NOT FOR PUBLICATION WITHOUT THE

APPROVAL OF THE APPELLATE DIVISION

SUPERIOR COURT OF NEW JERSEY

APPELLATE DIVISION

DOCKET NO. A-3936-07T23936-07T2

JAMIE GANNON and REBECCA

GANNON, individually and as

husband and wife,

Plaintiffs-Appellants,

v.

AMERICAN HOME PRODUCTS, INC.;

AMERICAN CYANAMID COMPANY,

LEDERLE LABORATORIES, and

WYETH-LEDERLE VACCINES,

Defendants-Respondents.

_______________________________________________________

Argued December 8, 2009 - Decided

Before Judges Grall, Messano and LeWinn.

On appeal from the Superior Court of New Jersey, Law Division, Bergen County, Docket No. L-3443-03.

Stanley P. Kops (Law Offices of Stanley P. Kops) of the Pennsylvania bar, admitted pro hac vice, argued the cause for appellants (MacLachlan Law Offices and Mr. Kops, attorneys; Mr. Kops, on the brief).

Roger W. Yoerges (Steptoe & Johnson, LLP) of the Washington, D.C. bar, admitted pro hac vice, argued the cause for respondents (Porzio, Bromberg & Newman, and Mr. Yoerges, attorneys; Kenneth R. Meyer, of counsel and on the brief; Mr.
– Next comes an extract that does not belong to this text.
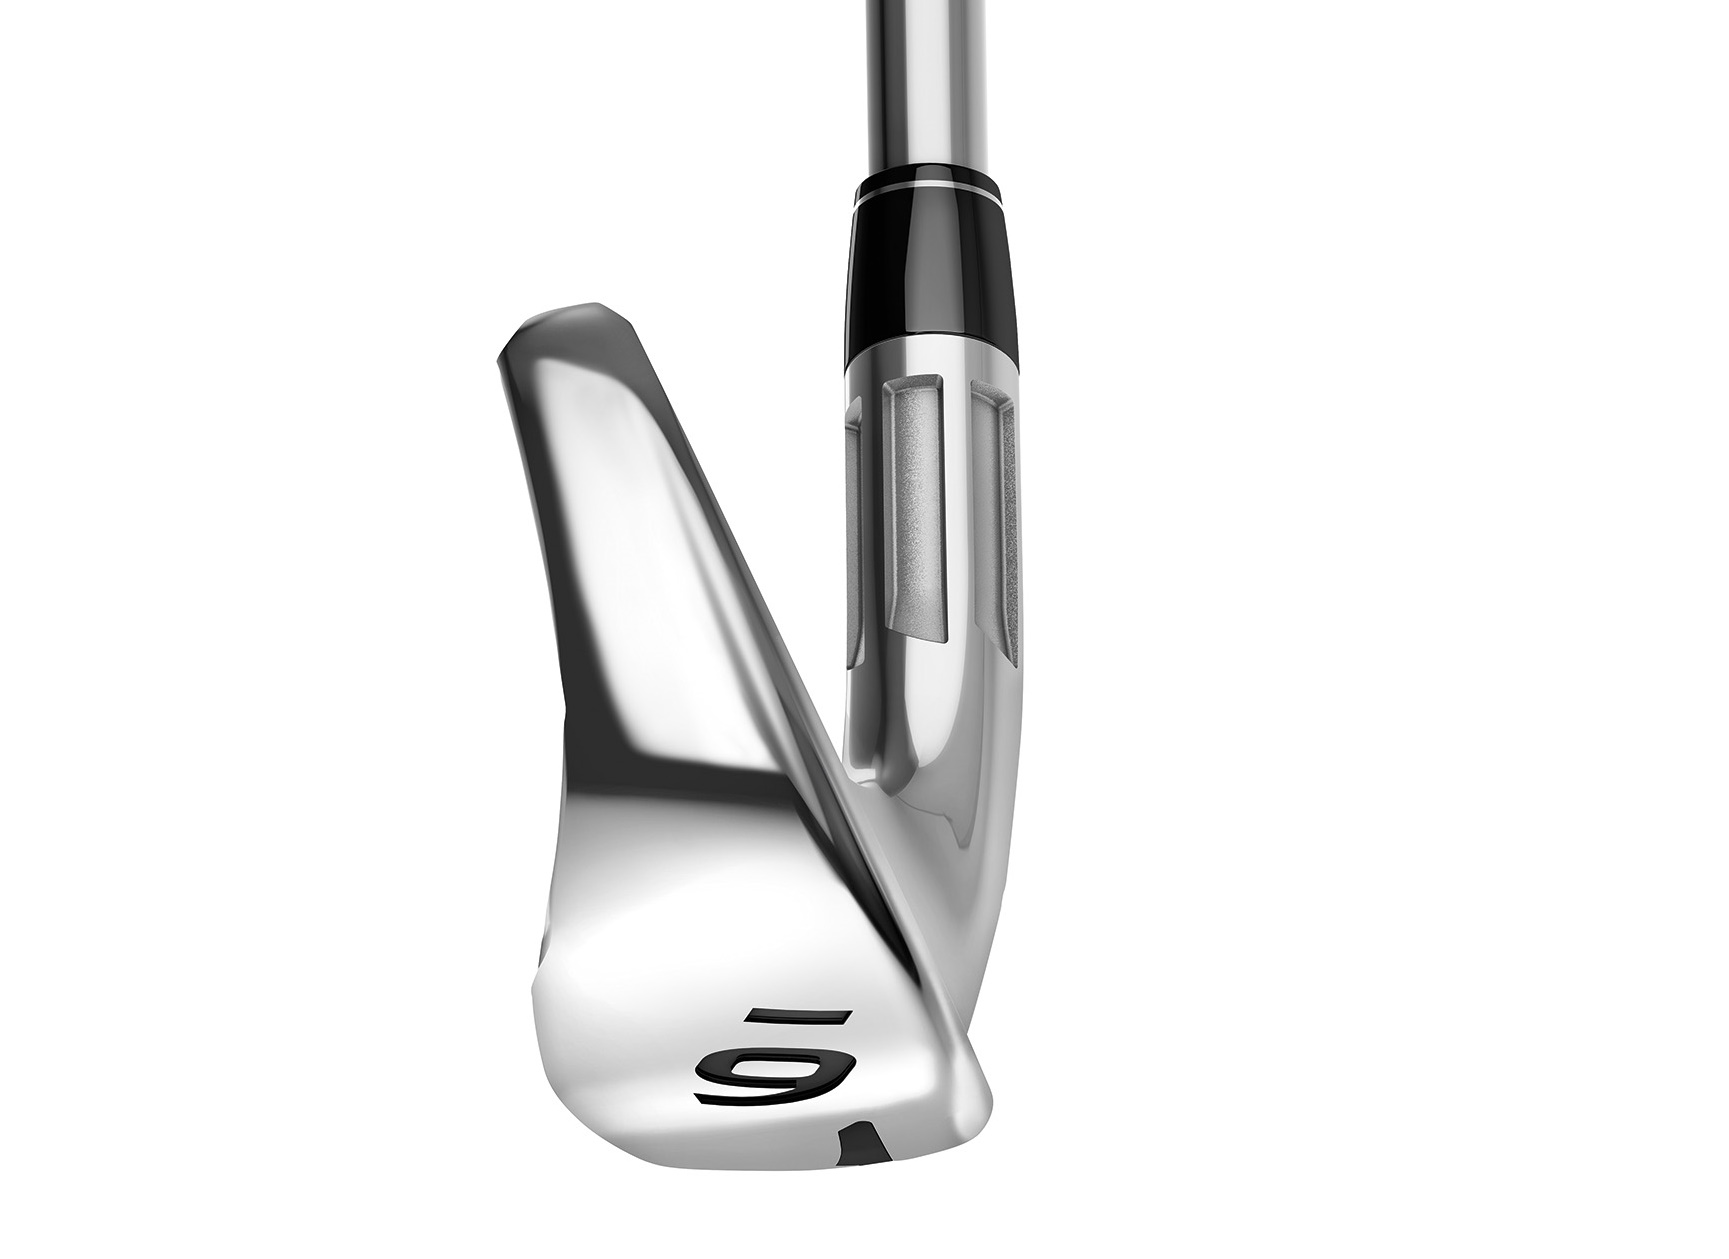 TaylorMade launches all-new M1 iron and revamps the M2 iron
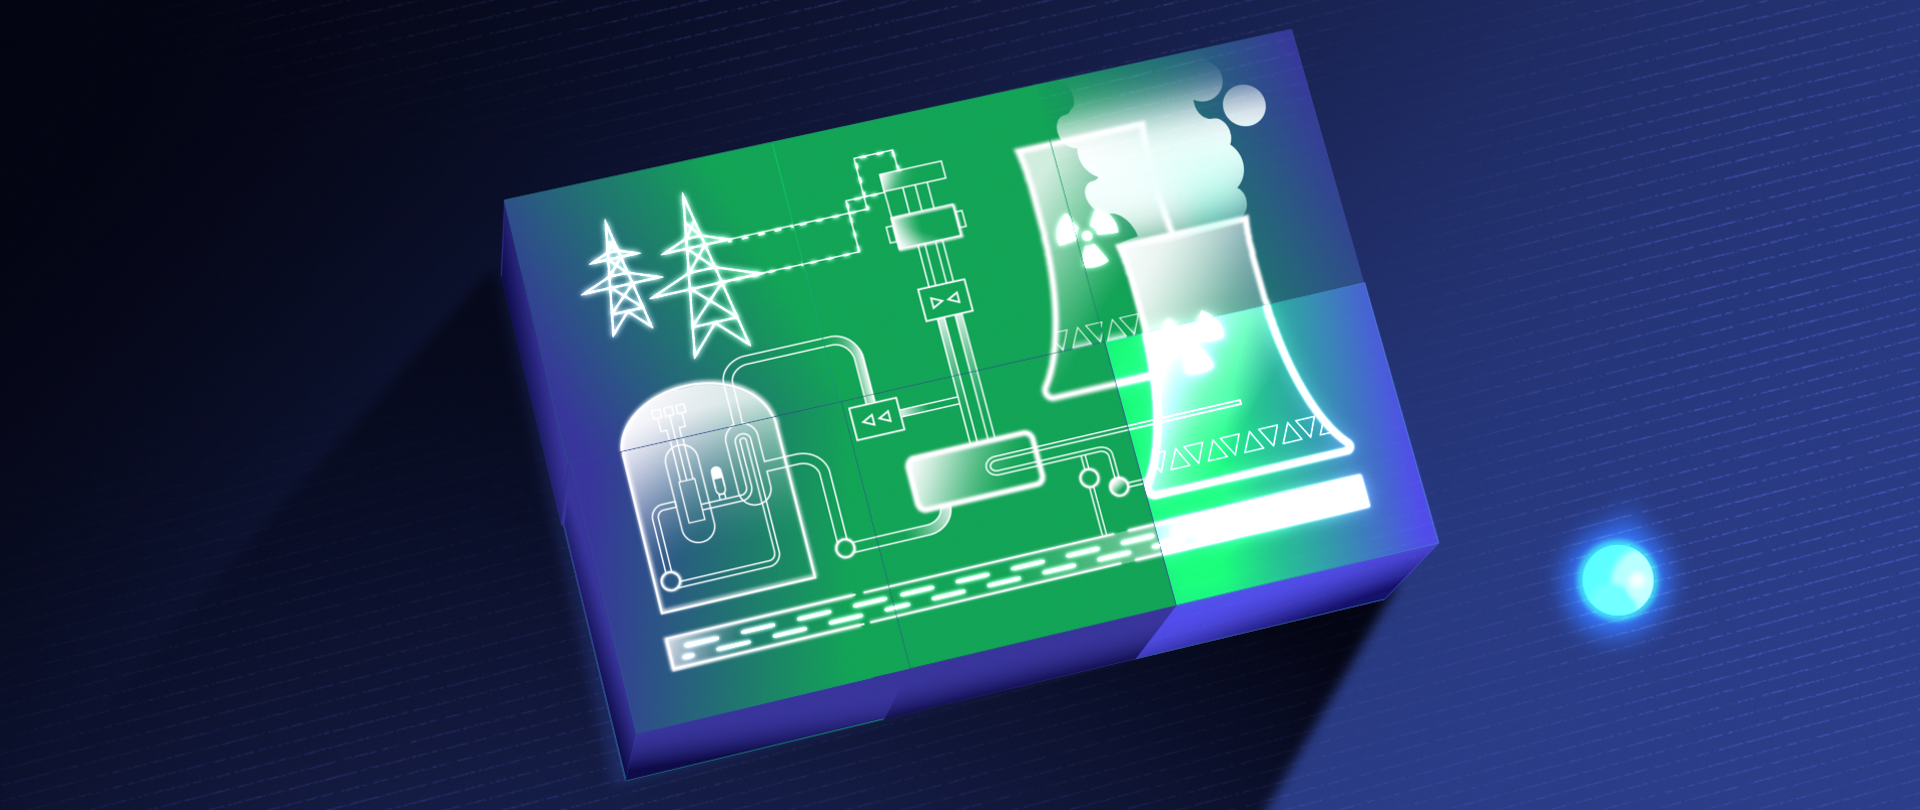 Graphics showing a nuclear power plant. The white elements of the power plant were placed on a green, spatial cuboid. The whole is on a shaded navy blue-violet background.

Yoerges, on the brief).

The opinion of this court was delivered by

MESSANO, J.A.D.

Plaintiffs Jamie and Rebecca Gannon appeal from the grant of summary judgment dismissing their complaint against defendants American Home Products Corporation (American), American Cyanamid Company (Cyanamid), and Lederle Laboratories (Lederle) (collectively, defendants). We have considered the arguments raised in light of the record and applicable legal standards. We reverse and remand for further proceedings consistent with this opinion.

I.

Plaintiff's amended complaint, filed June 11, 2003, alleged that between September 1973 and August 1976, he was administered "five doses of Orimune trivalent vaccine," an oral polio vaccine, at the offices of his pediatrician in Pennsylvania. The complaint further alleged that American manufactured the Orimune vaccine that "caused cancer in plaintiff . . . ." The complaint named Cyanamid, "an owned subsidiary of" American, and Lederle "a wholly-owned division" of American and/or Cyanamid, as defendants.

Plaintiff contended that Orimune "was improperly manufactured and . . . contained contaminants, including . . . SV40," a simian virus. Plaintiff alleged that defendants "manufactured [the vaccine] without complying with the regulatory mandate and/or [their] report and application for the licensing of Orimune." Plaintiff sought damages, claiming that Orimune caused him to develop "an SV40 cancerous brain tumor." Defendants filed an answer generally denying plaintiff's claims.

Also in 2003, plaintiff filed a claim in the federal district court for the Eastern District of Pennsylvania, naming the United States as defendant, and seeking relief under the Federal Tort Claims Act, 28 U.S.C.A.